Pas sûr que le consommateur y voie plus clair. Avant de mettre en place un étiquetage franco-français sur les triploïdes, ne vaudrait-il pas mieux commencer par faire respecter la réglementation européenne sur l’origine des produits ? Force est de constater que les gros opérateurs s’en affranchissent ! "Sur un cycle d’élevage de 2 à 3 ans, il suffit d’un mois d’affinage dans les claires de Marennes-Oléron pour que des huîtres élevées en Irlande, en Normandie, et bientôt au Maroc, deviennent charentaises", s’insurge sur son blog Philippe Favrelière, ingénieur agricole et expert en aquaculture. "Il y a donc tromperie, ou du moins manque de transparence vis-à-vis des consommateurs, et concurrence déloyale envers les ostréiculteurs qui continuent à produire une huître locale et qui exploitent et entretiennent les parcs marins des différents "merroirs" sur tout le littoral français. Le problème est là… et pas ailleurs".

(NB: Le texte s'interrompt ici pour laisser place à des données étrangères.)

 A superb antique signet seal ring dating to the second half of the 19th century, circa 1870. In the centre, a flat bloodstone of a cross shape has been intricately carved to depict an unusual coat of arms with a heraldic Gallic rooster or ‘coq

Tétraploïdes : un risque pour l’environnement
Les huîtres triploïdes sont obtenues par croisement d’huîtres diploïdes (2 lots de 10 chromosomes), avec des huîtres tétraploïdes (4 lots de 10 chromosomes) dont le nombre de chromosomes a été doublé par des procédés brevetés par l’Ifremer (Institut français de recherche pour l’exploitation de la mer).
L’organisme de recherche public vend ses tétraploïdes aux écloseries qui doivent les détruire ou les restituer à l’Ifremer après utilisation. La fuite des tétraploïdes dans le milieu naturel serait une catastrophe écologique car ces super-géniteurs femelles pourraient se reproduire avec des huîtres diploïdes "sauvages" et donner naissance à des huîtres triploïdes donc stériles. En outre, la disparition des naissains de captage naturel rendrait les ostréiculteurs entièrement dépendants des écloseries.
Problème : le brevet d’obtention des huîtres tétraploïdes détenu par l’Ifremer expire cette année. Il pourrait donc échoir à des entreprises privées. Pour éviter ce scénario à la Monsanto, le Comité national de conchyliculture (CNC) envisage de se porter acquéreur du brevet.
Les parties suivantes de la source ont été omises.